= Work instructions =
What is needed is an exact copy of the listing, with no pictures in it.

= Dataset section =
********************
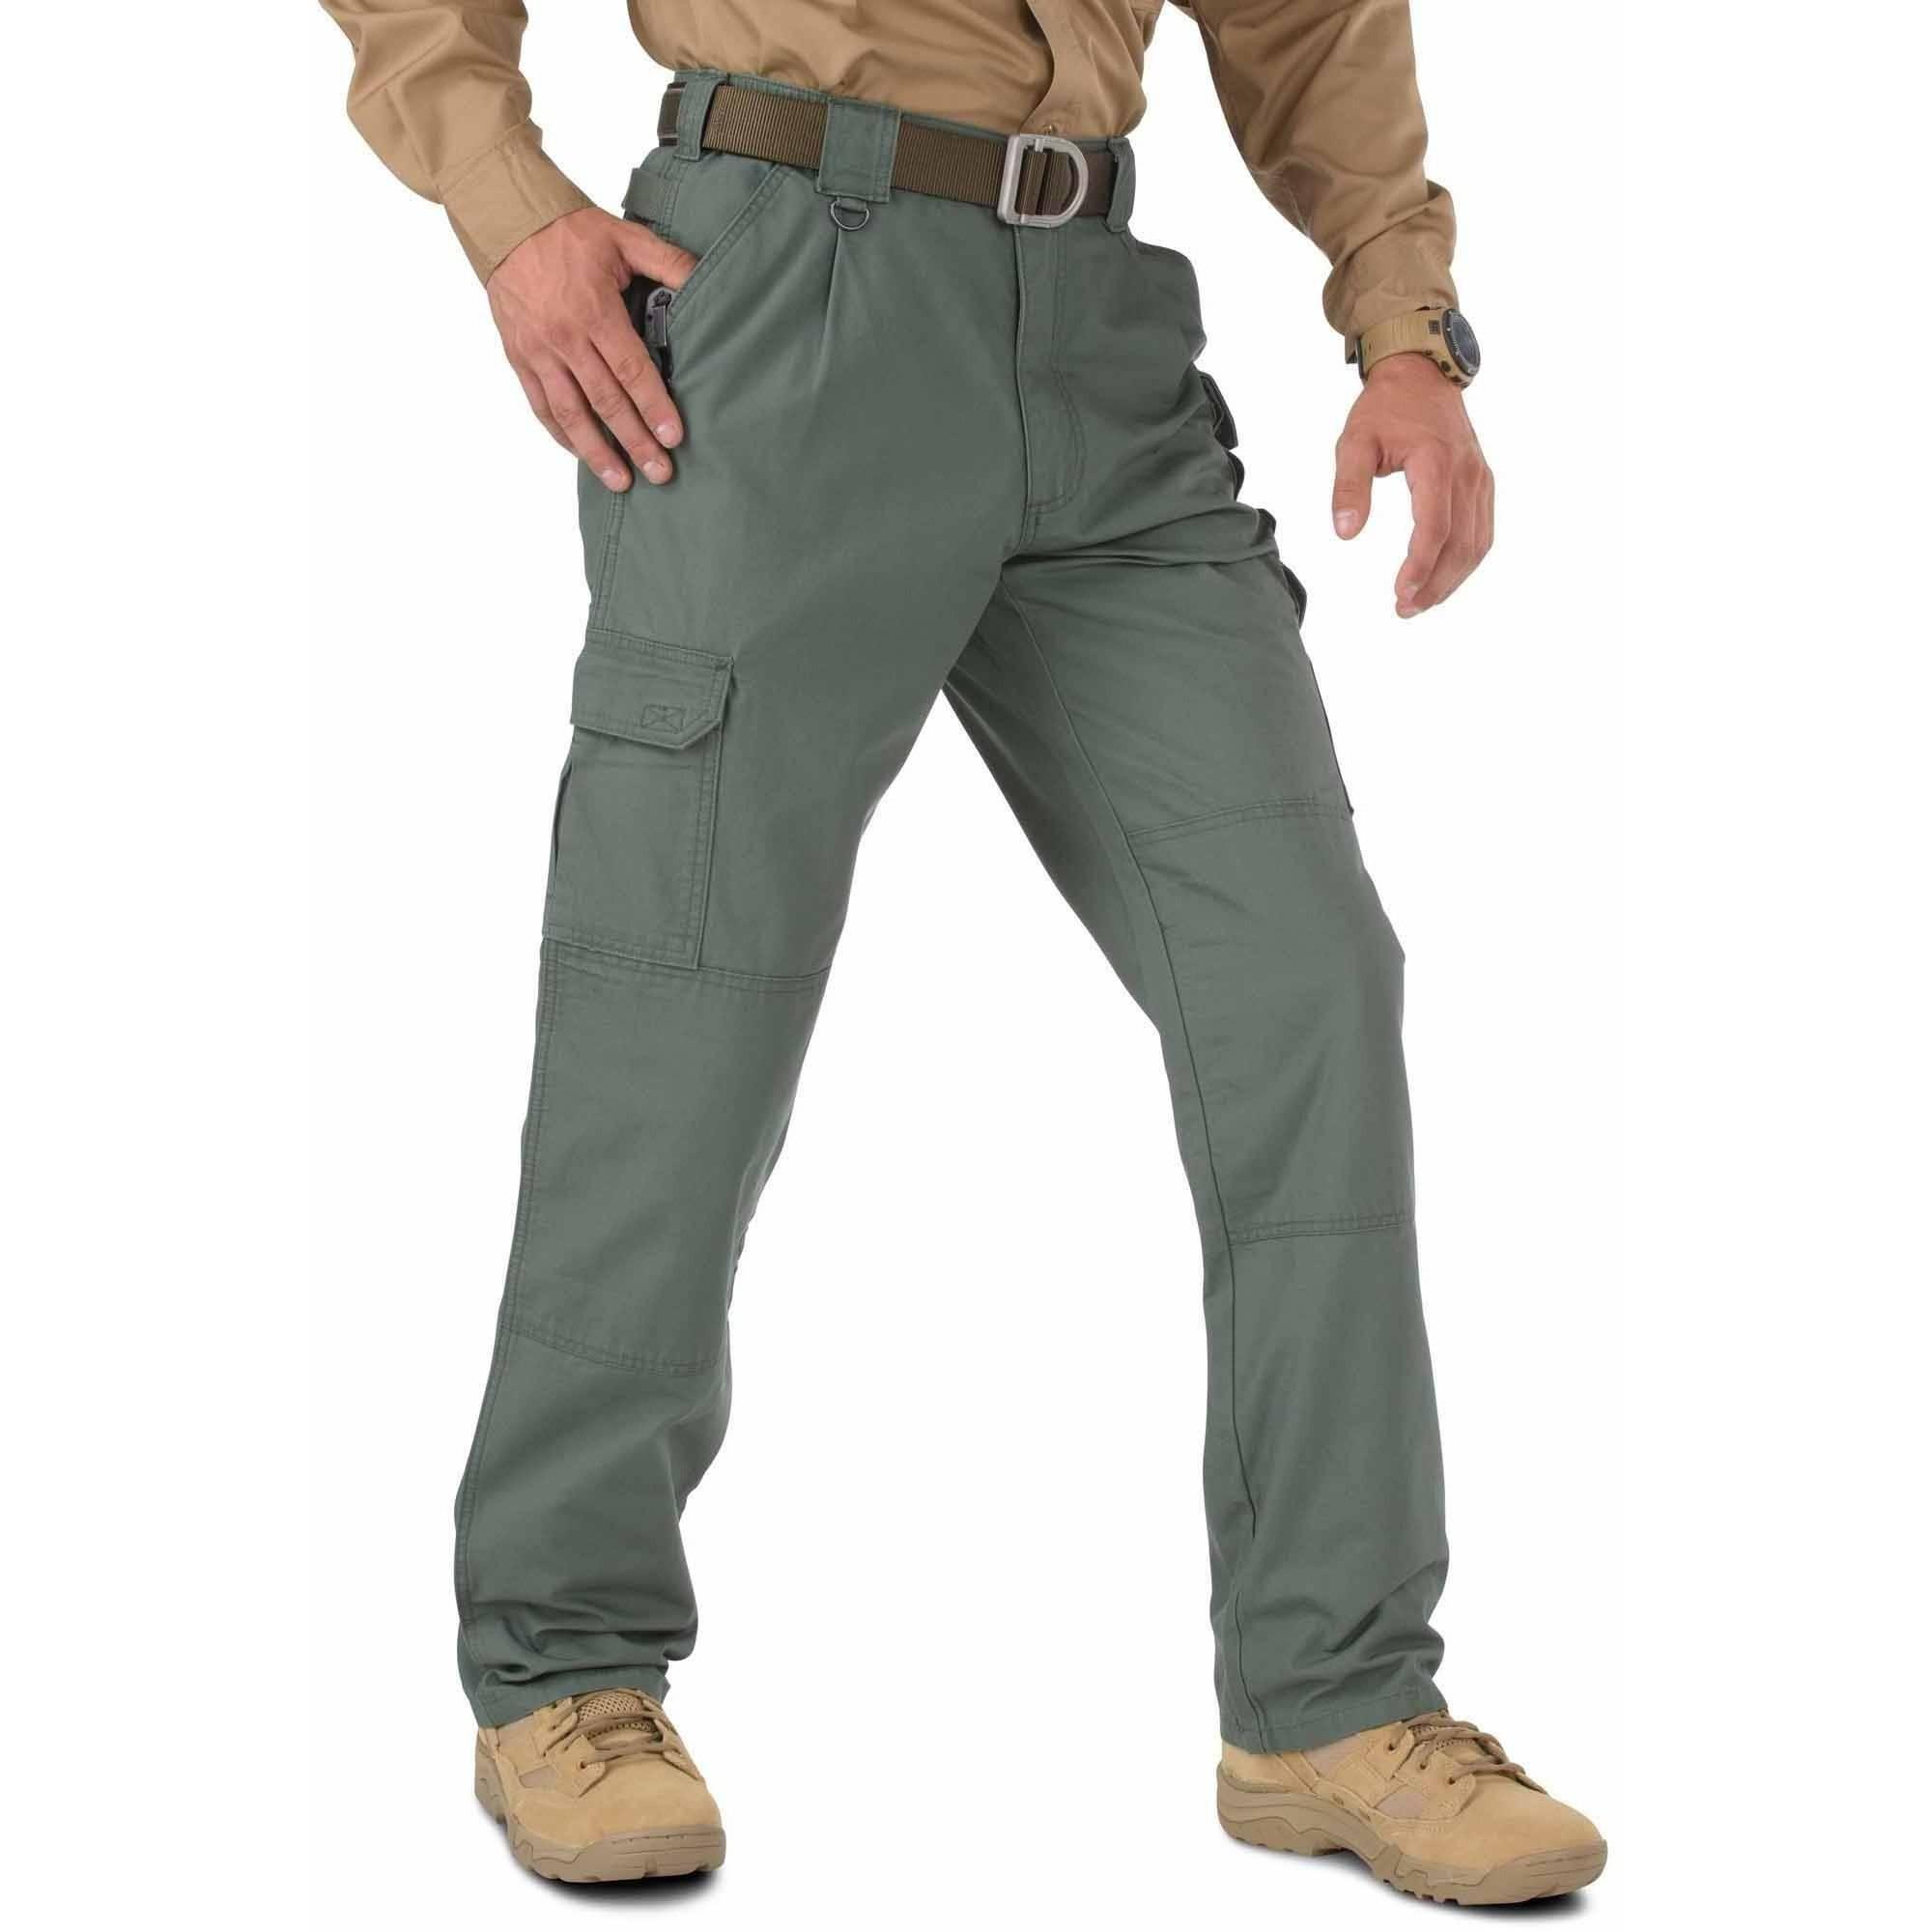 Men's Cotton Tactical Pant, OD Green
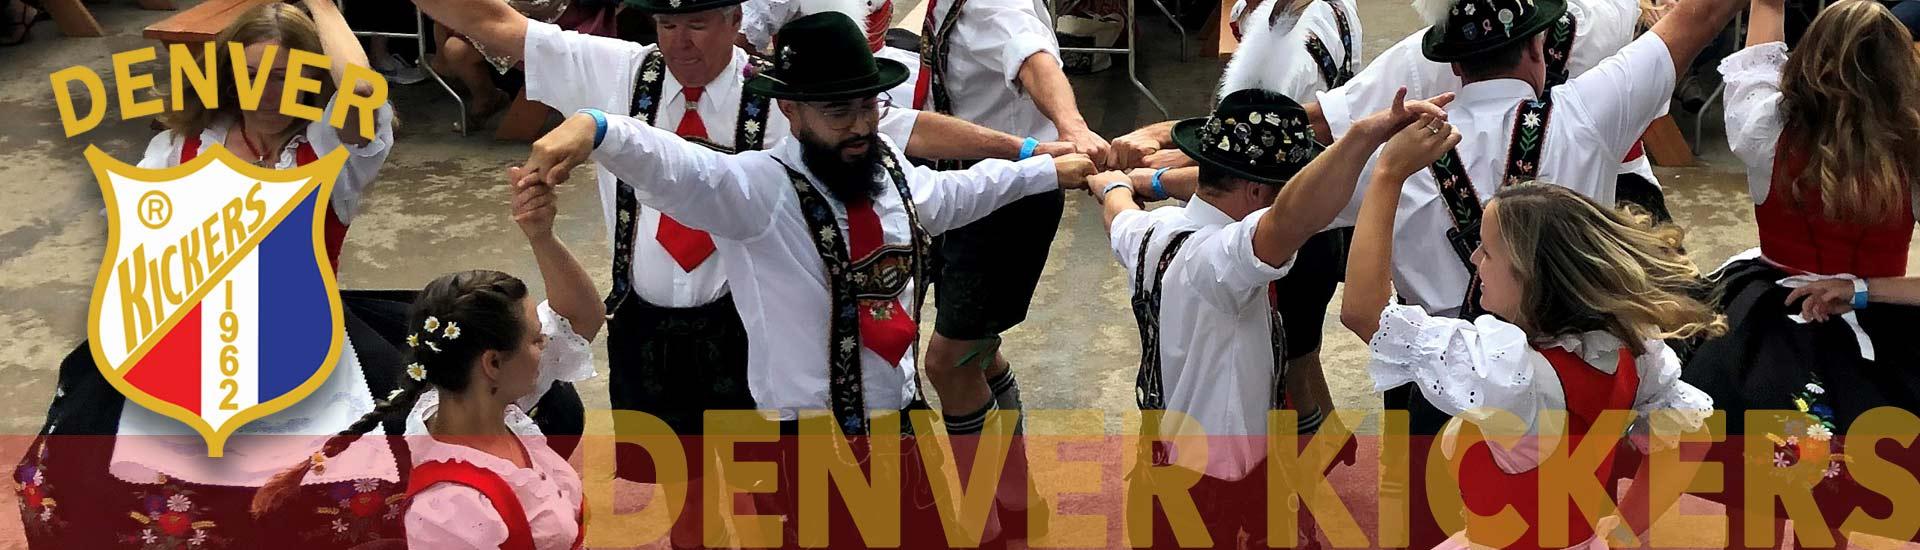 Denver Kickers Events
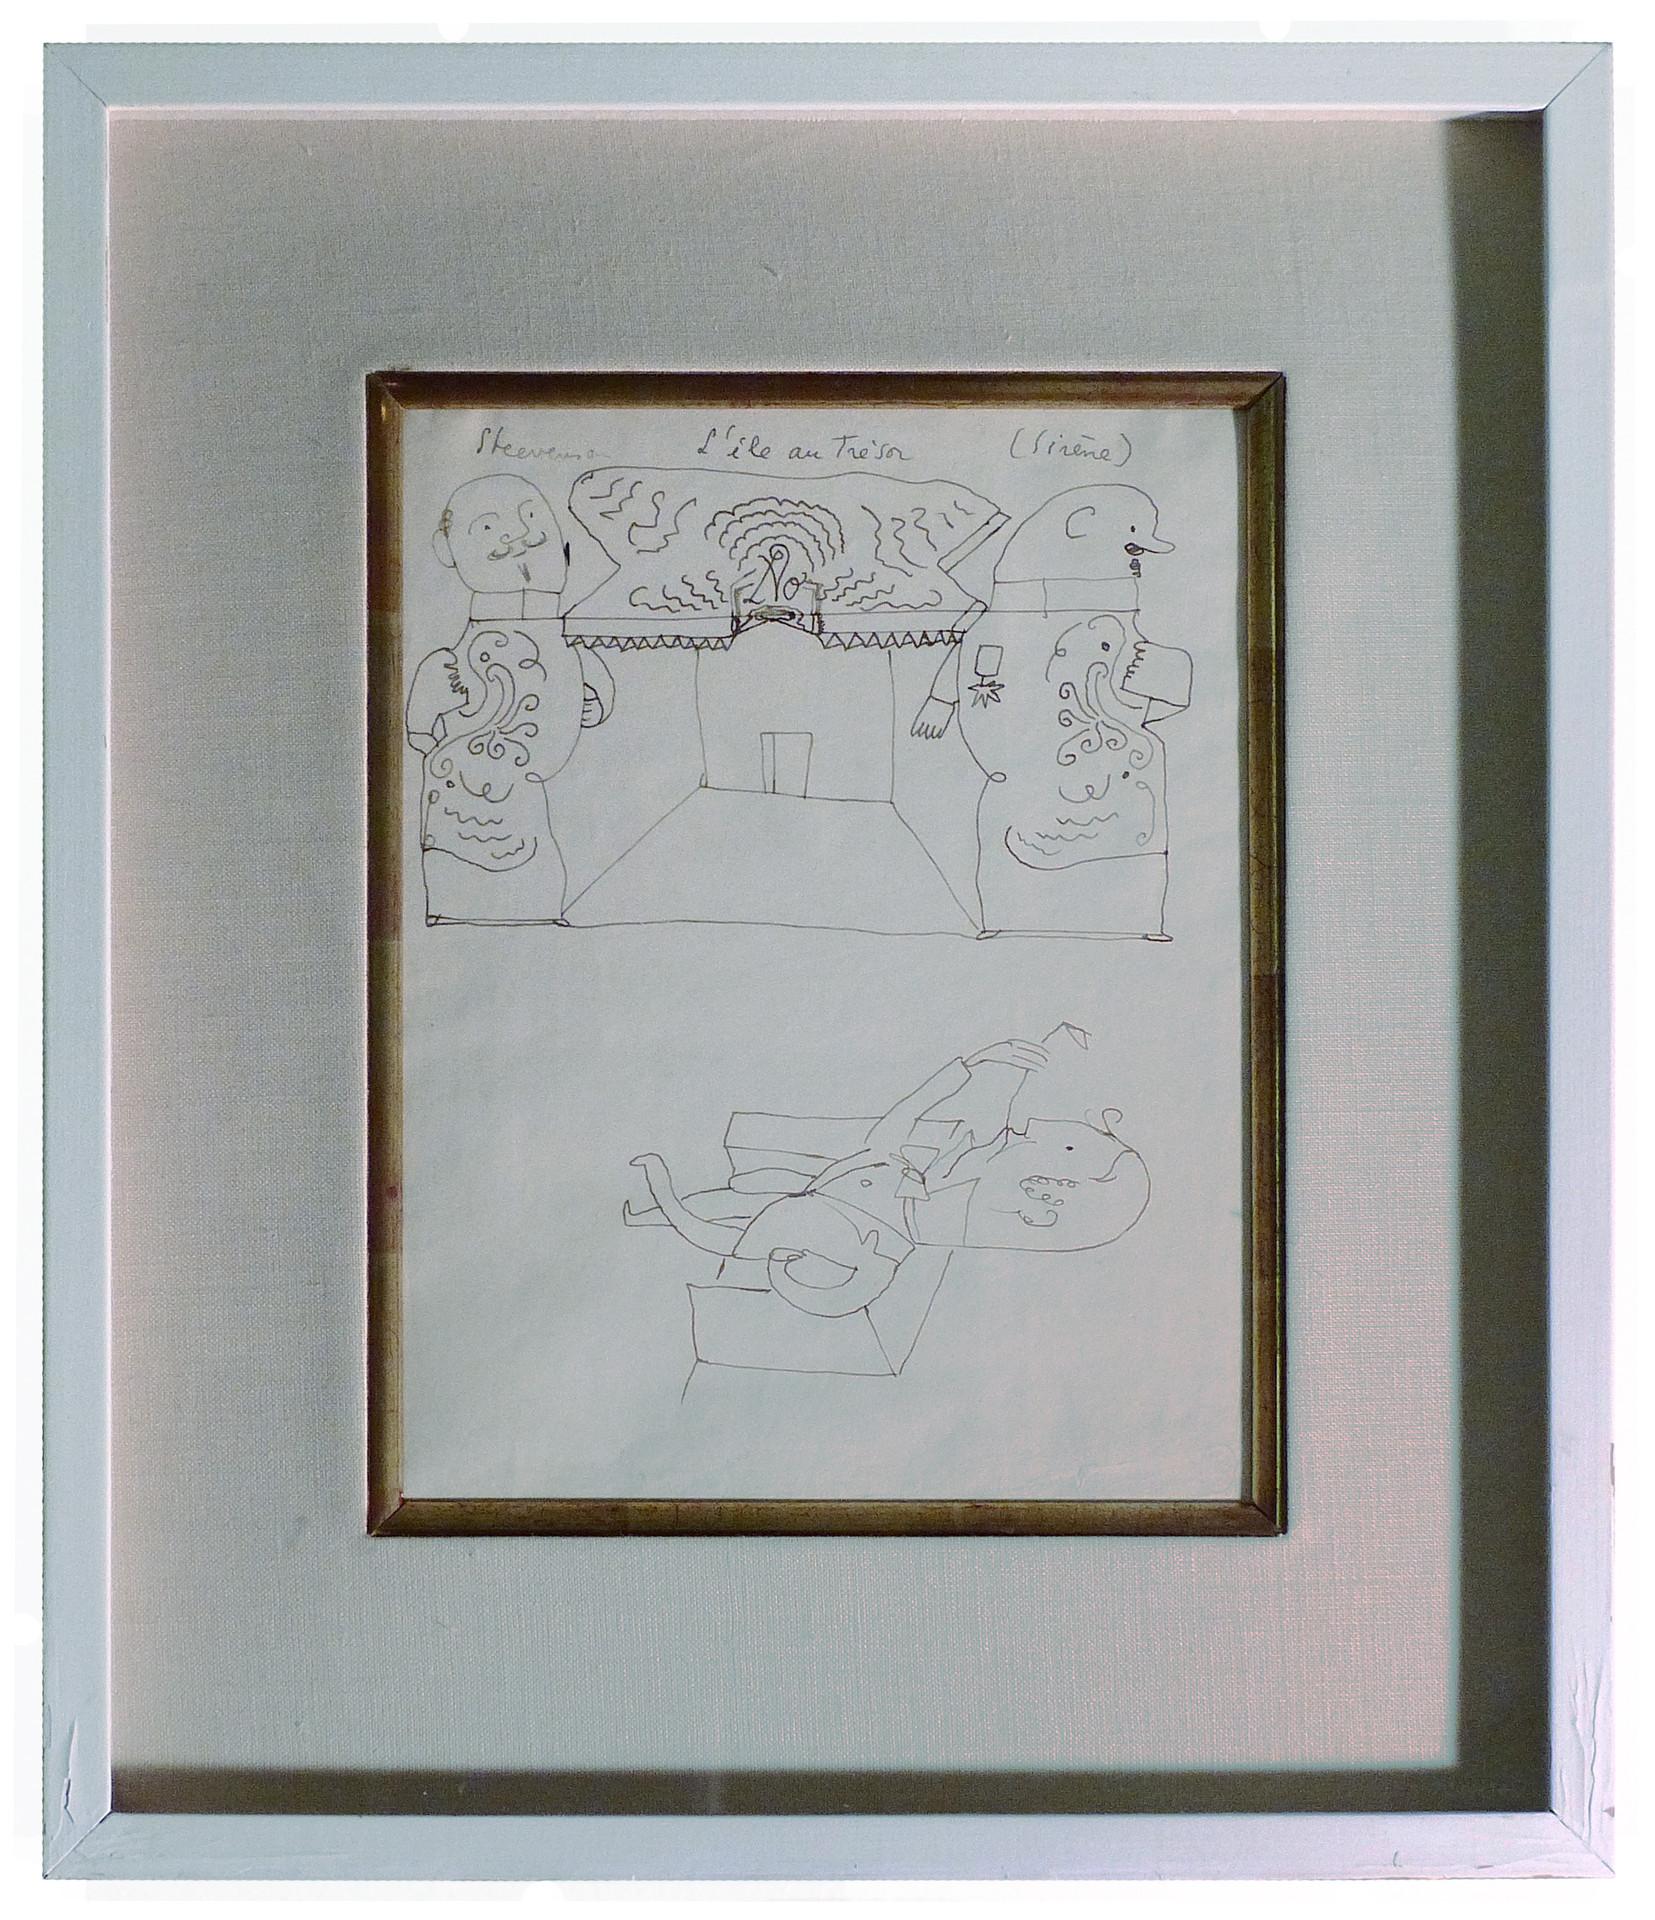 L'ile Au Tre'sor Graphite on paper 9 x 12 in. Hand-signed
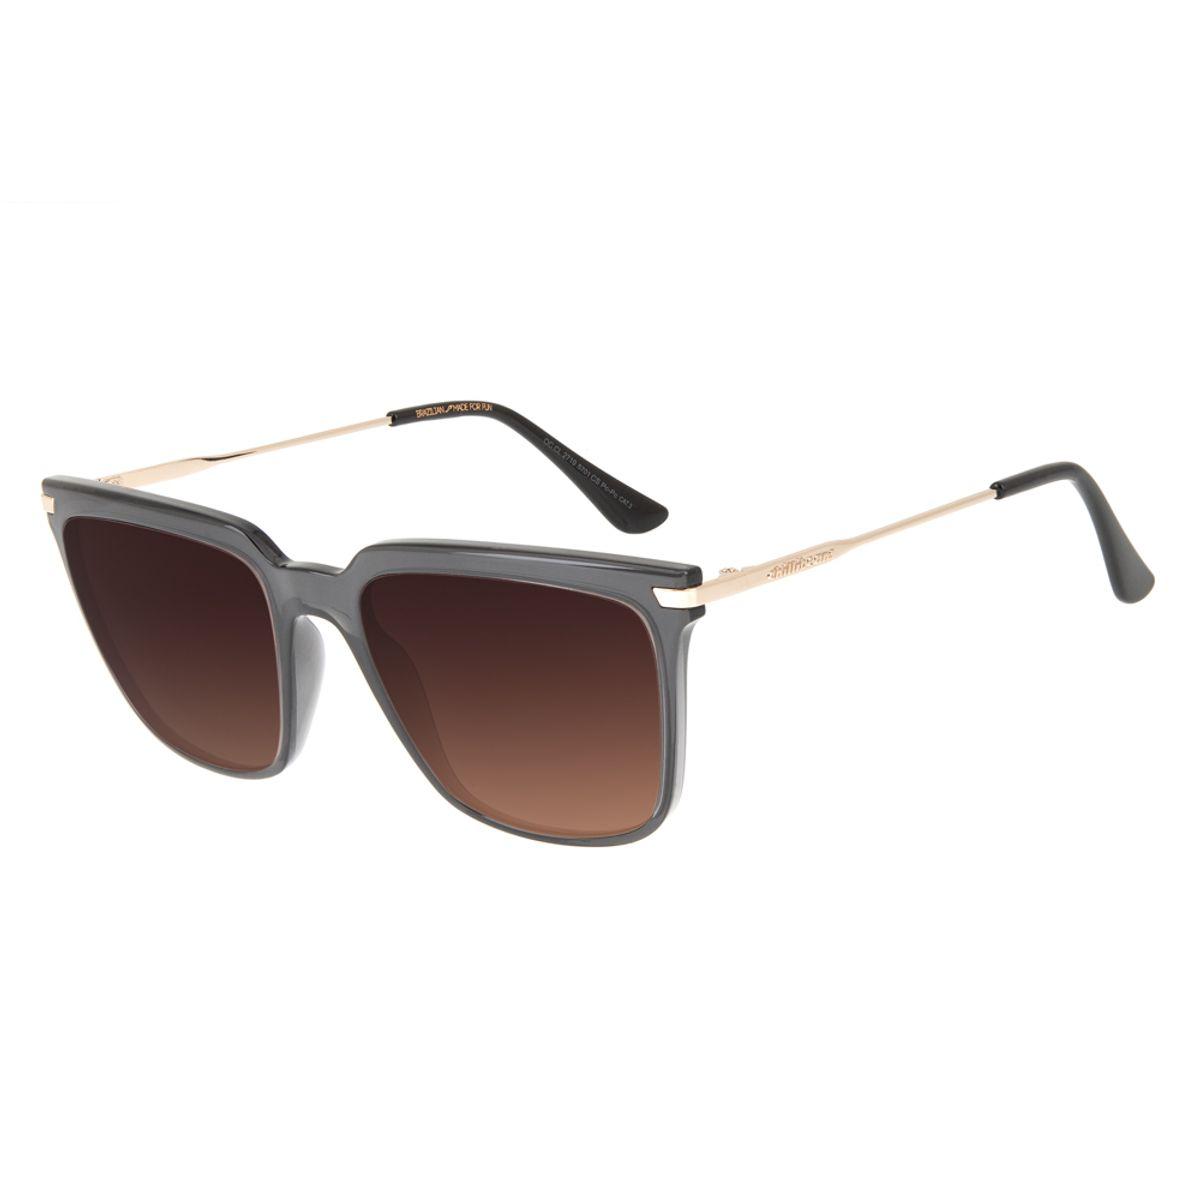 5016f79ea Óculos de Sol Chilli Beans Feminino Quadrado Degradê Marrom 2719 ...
********************
= Response to this exercise =
 Men's Cotton Tactical Pant, OD Green
 Denver Kickers Events
 L'ile Au Tre'sor Graphite on paper 9 x 12 in. Hand-signed
 5016f79ea Óculos de Sol Chilli Beans Feminino Quadrado Degradê Marrom 2719 ...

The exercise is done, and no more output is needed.